Without the pictures, restate all of the data below word for word.

#### [Supplied information]
|---|
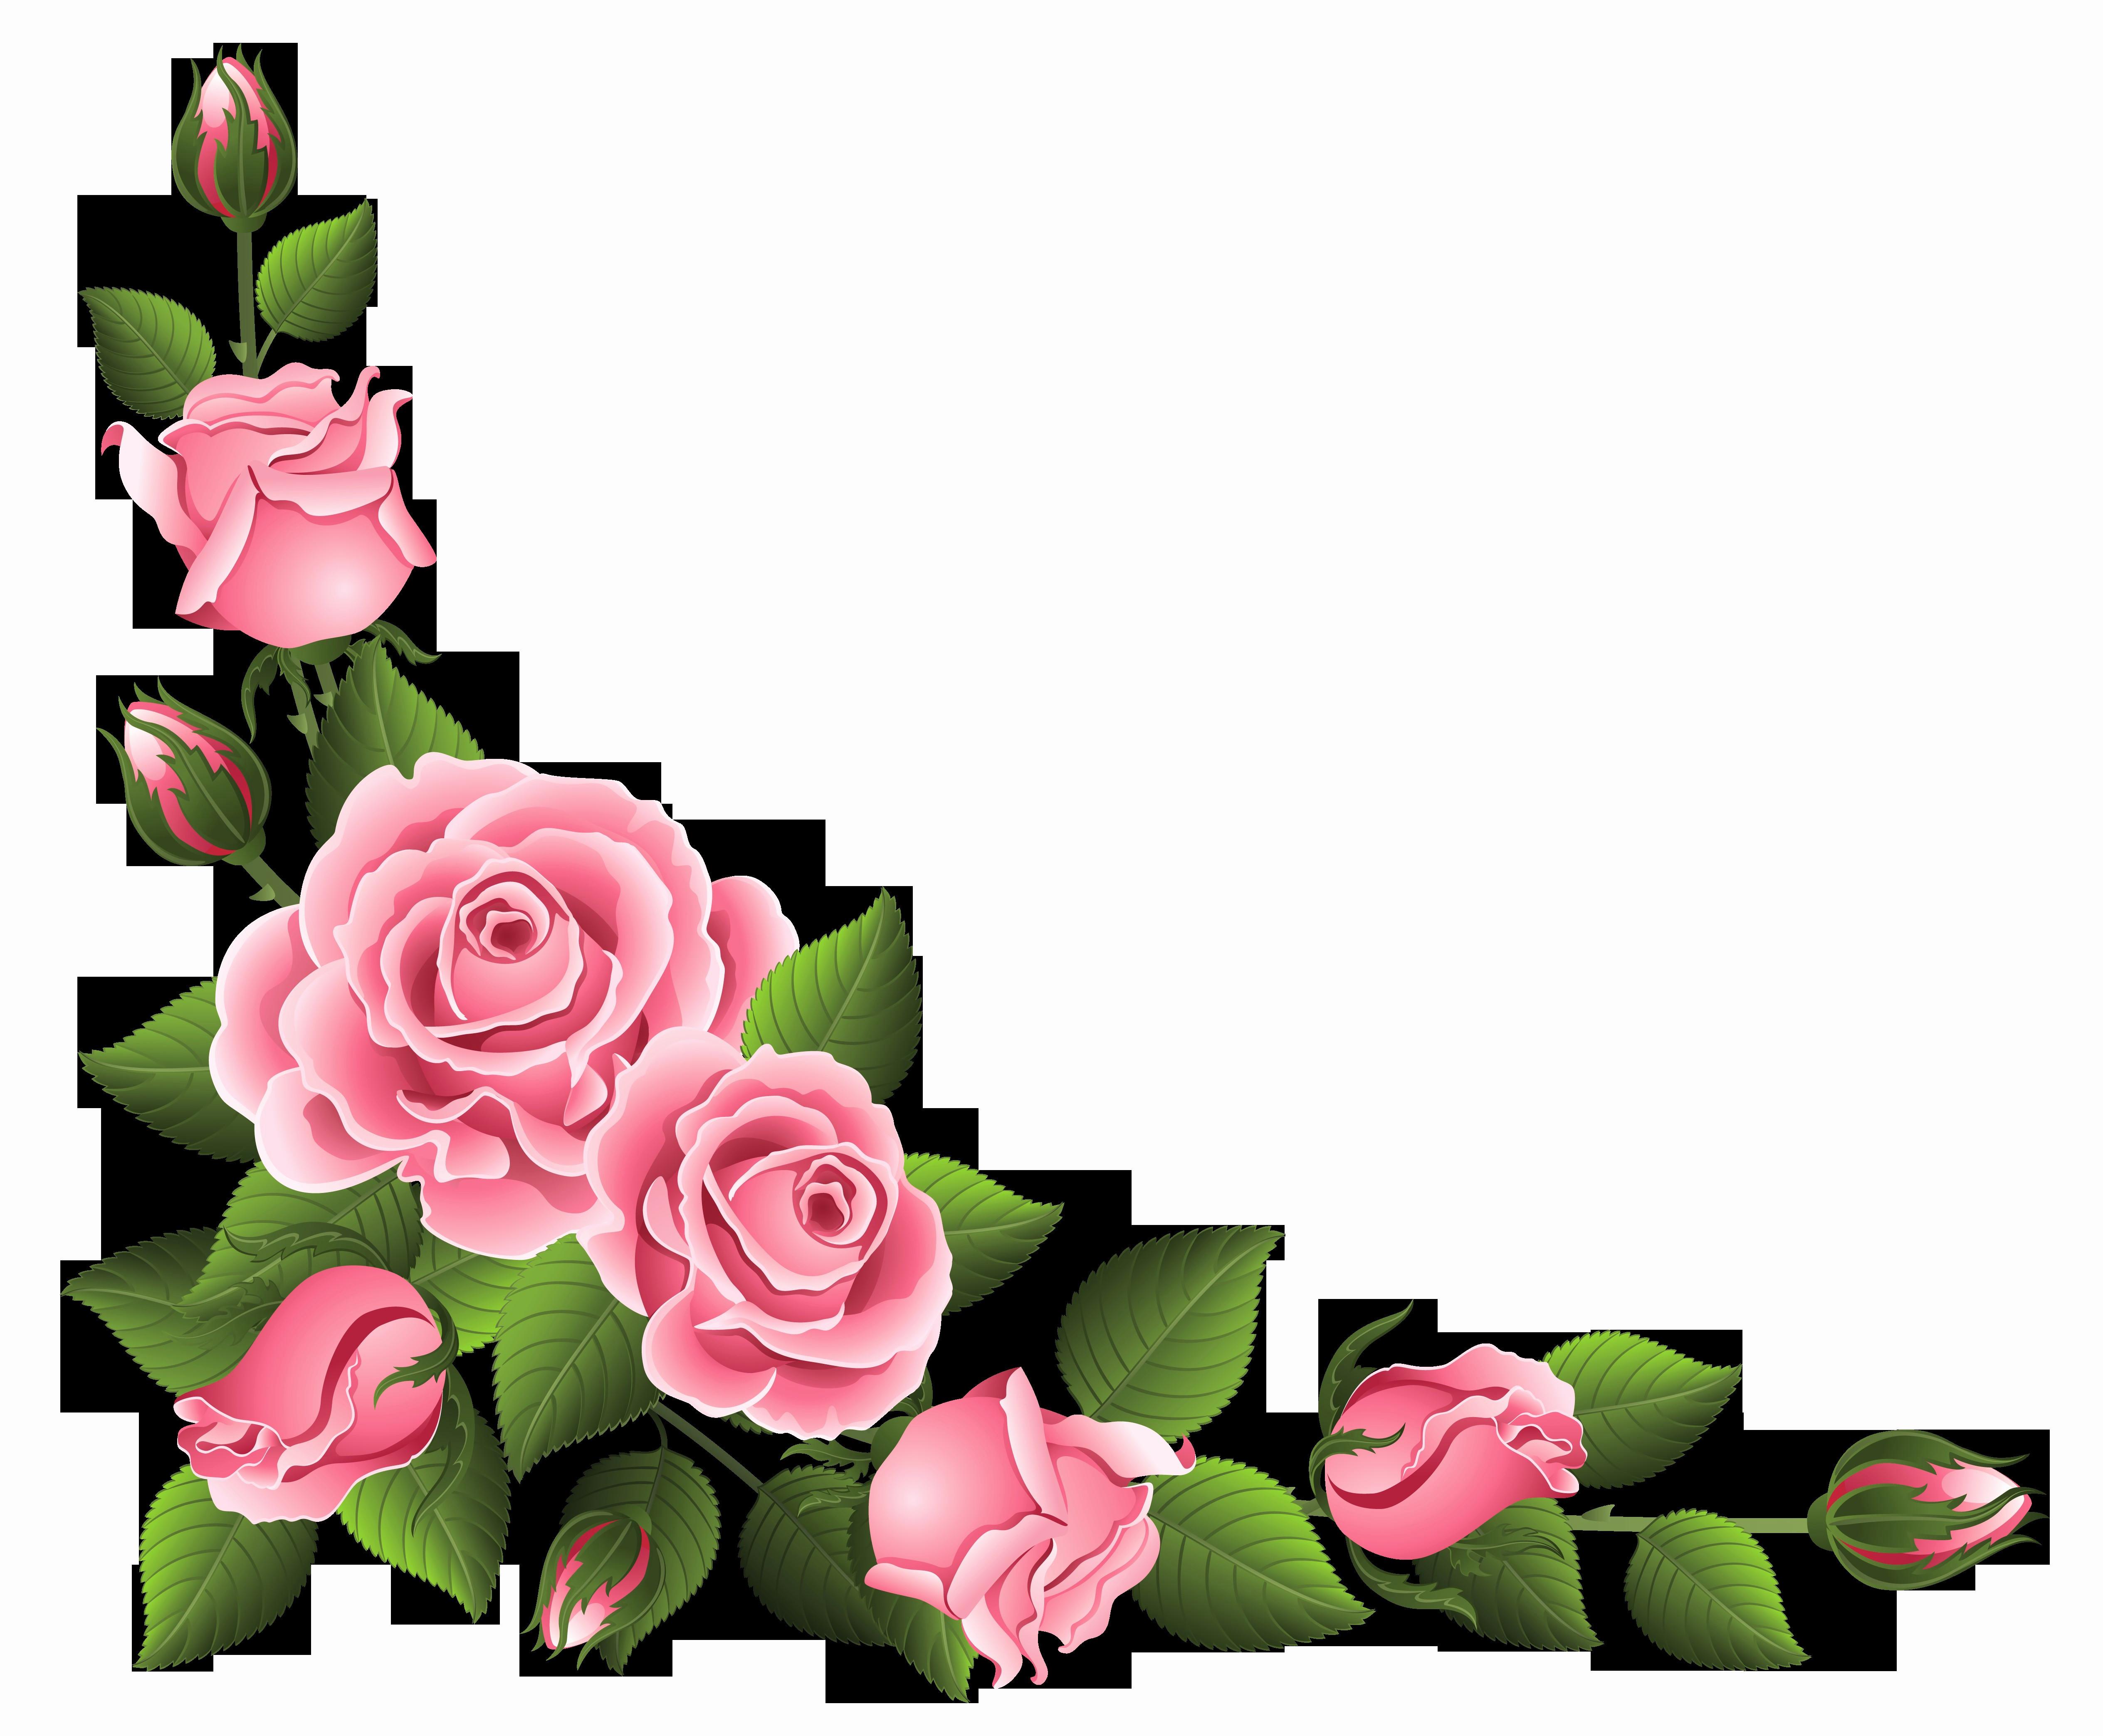 flower vase food of 10 best of vase stand bogekompresorturkiye com regarding bodenvase deko neu flower vase table 04h vases tablei 0d clipart dining base end design
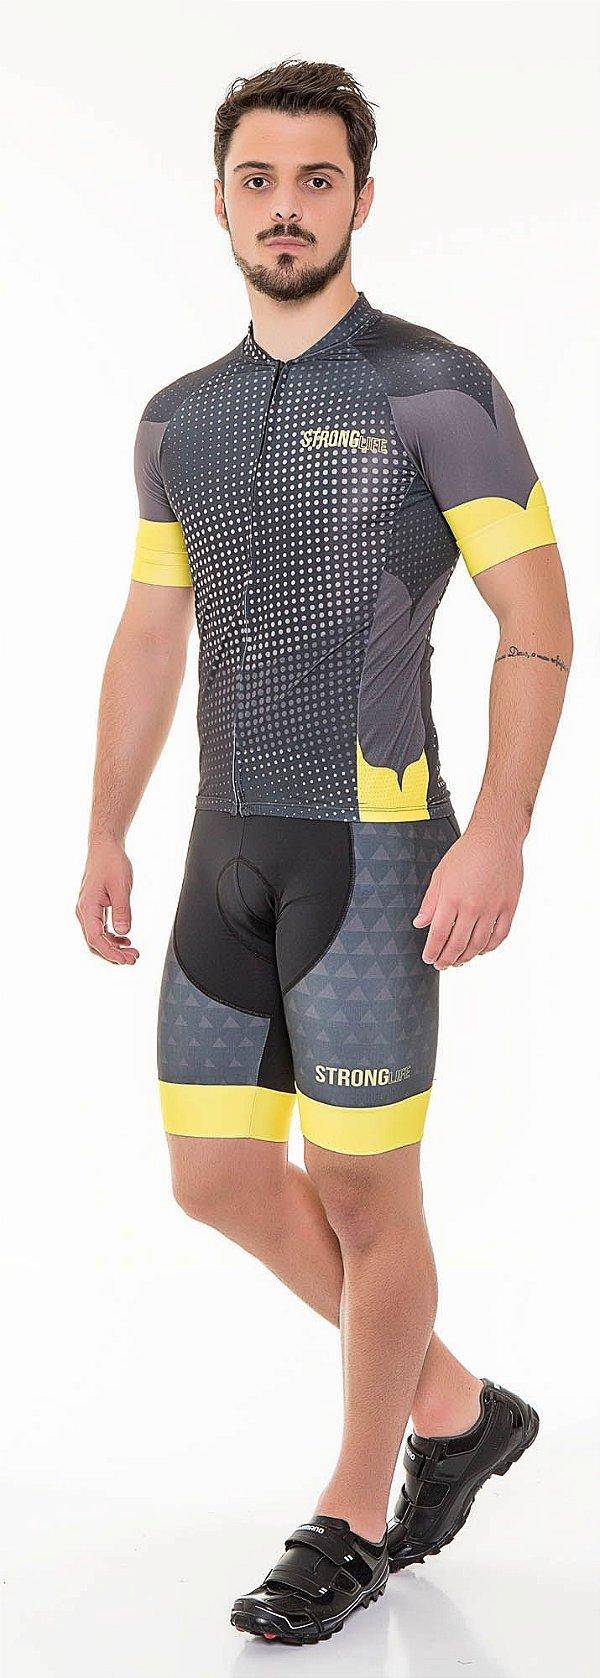 Camisa de Ciclismo Masculina SLIM - Preto com amarelo, Laranja ou Azul S126-44
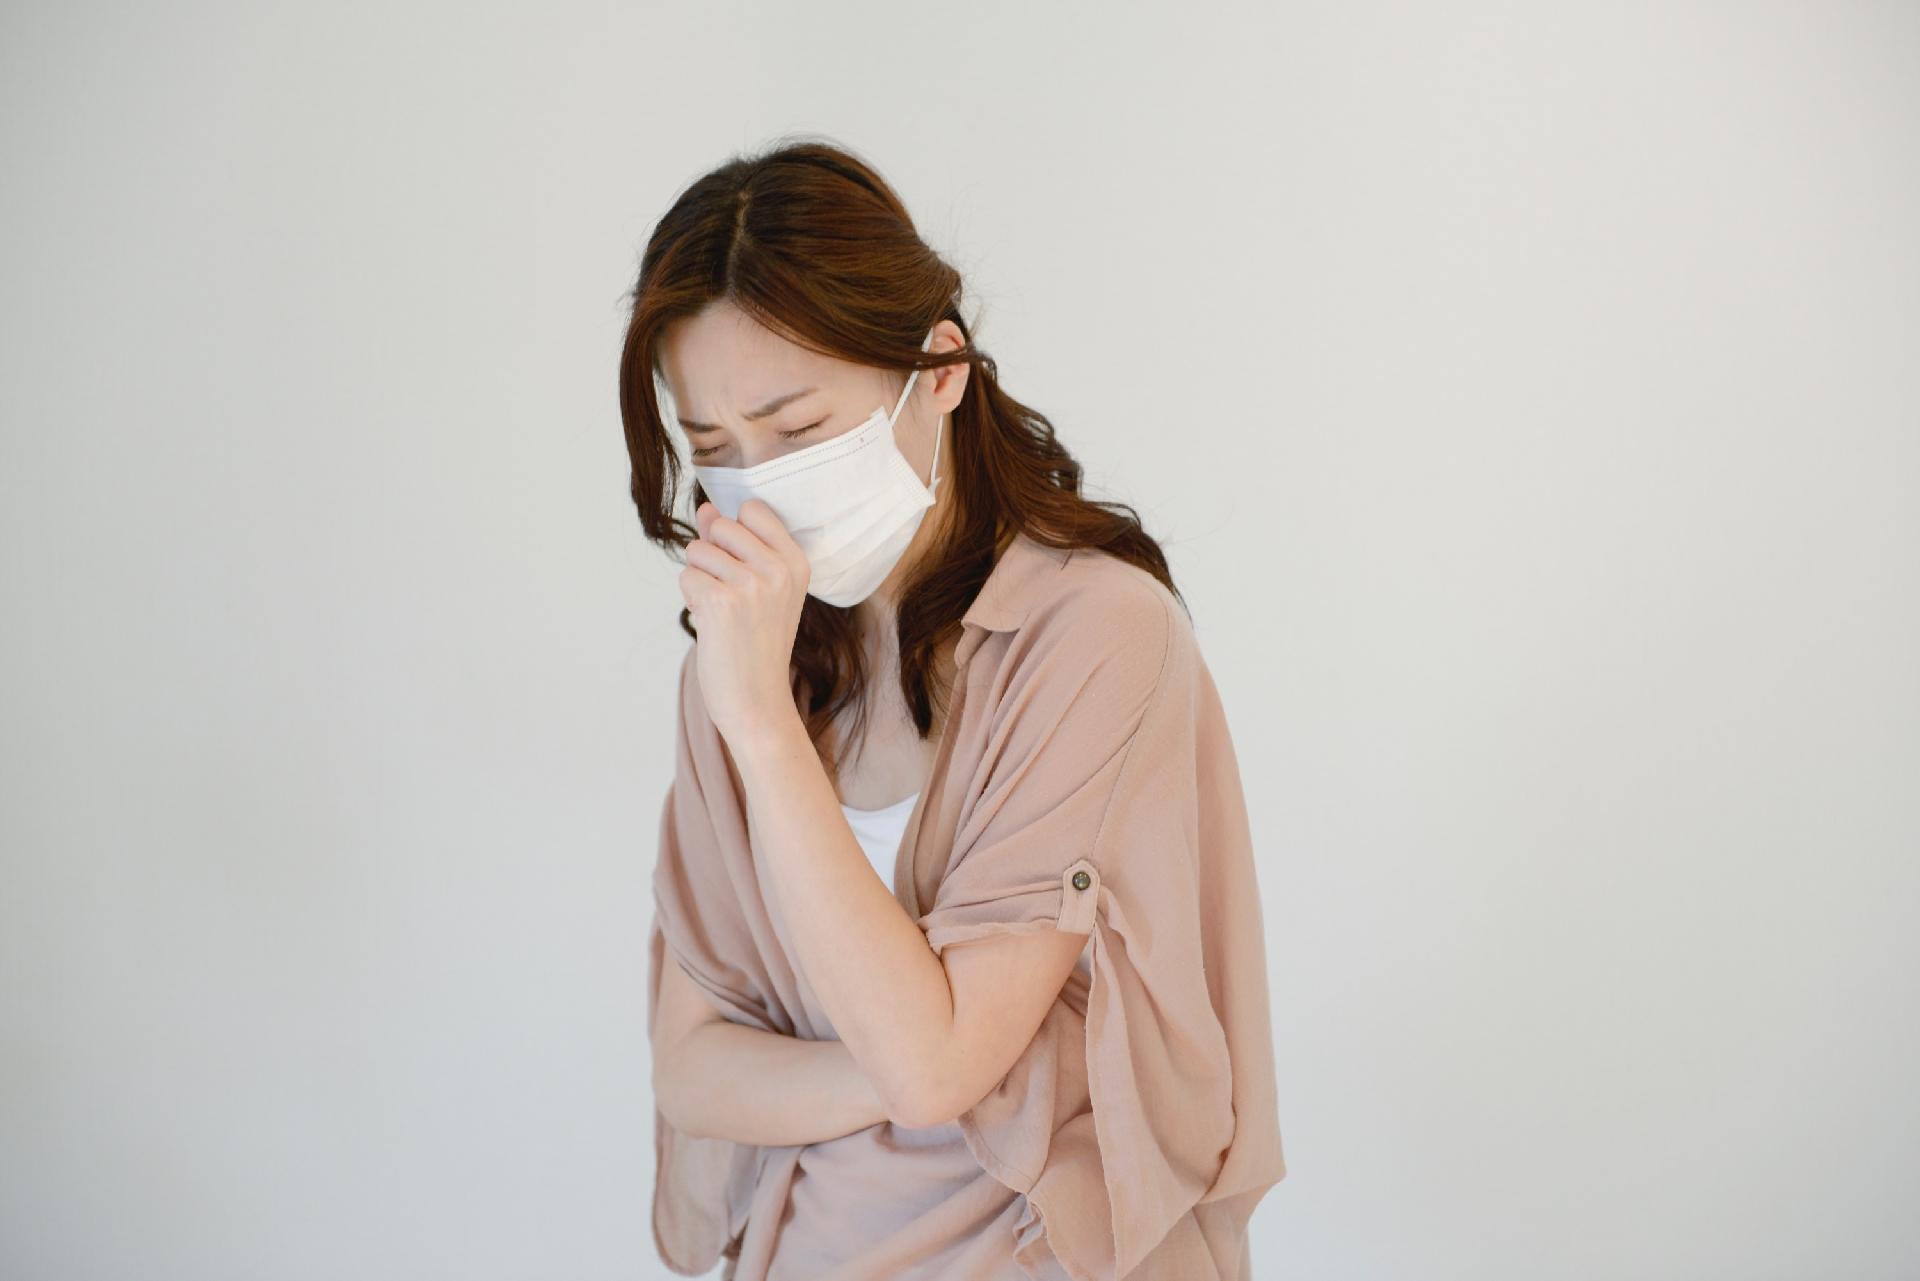 風邪、インフルエンザ、ノロウイルスなど1月にかかりやすい病気・怪我一覧
|---|
#### [Answer box]
 flower vase food of 10 best of vase stand bogekompresorturkiye com regarding bodenvase deko neu flower vase table 04h vases tablei 0d clipart dining base end design
 Camisa de Ciclismo Masculina SLIM - Preto com amarelo, Laranja ou Azul S126-44
 風邪、インフルエンザ、ノロウイルスなど1月にかかりやすい病気・怪我一覧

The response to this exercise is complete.